Ragon Institute

Shalek Lab Study Reveals How Liver Cells Under Chronic Stress Prime Themselves for Cancer Years Before Tumors Form

First author and Shalek Lab graduate student Constantine Tzouanas (left) and Ragon faculty member and corresponding author Alex Shalek, PhD, (right).

A new study led by the Shalek Lab at the Ragon Institute, published in Cell, shows that liver cells facing prolonged metabolic stress—like that seen in steatotic liver disease—activate cancer-associated programs long before any tumors appear. Beyond genetic mutations, these early cellular changes may also explain why some patients progress to liver cancer.

The team tracked how liver cells (hepatocytes) respond to high-fat diets and metabolic stress over time, using single-cell multi-omic technologies in mice and spatial -omics in human cohorts. They found that stressed hepatocytes turn up survival and developmental programs while dialing down their normal metabolic functions. Strikingly, these same shifts were present in human patients with steatotic liver disease and predicted worse survival in those who developed liver cancer.

Among the key regulators identified was HMGCS2, an enzyme critical for processing fats into ketone bodies. When the researchers knocked out HMGCS2 in mouse livers and combined this with a high-fat diet, hepatocytes showed accelerated stress responses and formed significantly more tumors after cancer-driving mutations were introduced. In human patients, lower HMGCS2 levels—even in liver tissue before tumorigenesis—predicted higher cancer risk up to 15 years later.

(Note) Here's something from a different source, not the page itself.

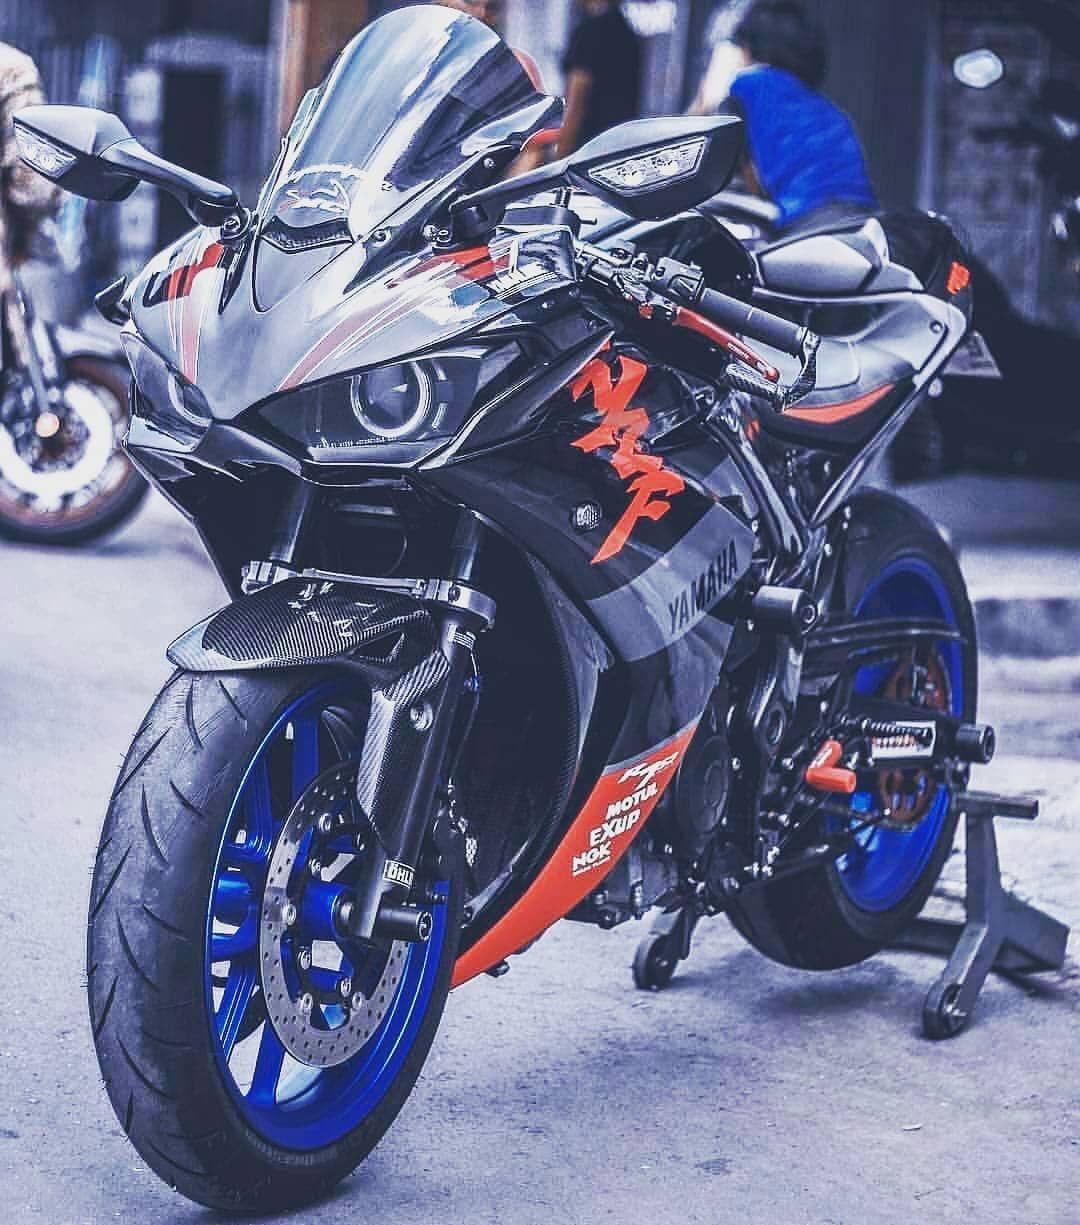 Yamaha Suzuki Honda Kawasaki Ktm Ducati Repsol Motorcycle

Using a new computational tool that they created called MATCHA, the team also identified transcription factors SOX4 and RELB as drivers of stress-induced reprogramming. When SOX4 was overexpressed in mouse livers, it pushed hepatocytes toward stressed, proliferative states—driving and accelerating happens naturally over months of dietary stress.

The findings suggest that the liver’s early coping mechanisms for metabolic overload inadvertently create fertile ground for cancer. Understanding these pre-cancer cellular states could open new windows for early intervention in patients with steatotic liver disease, which affects more than one-third of adults worldwide.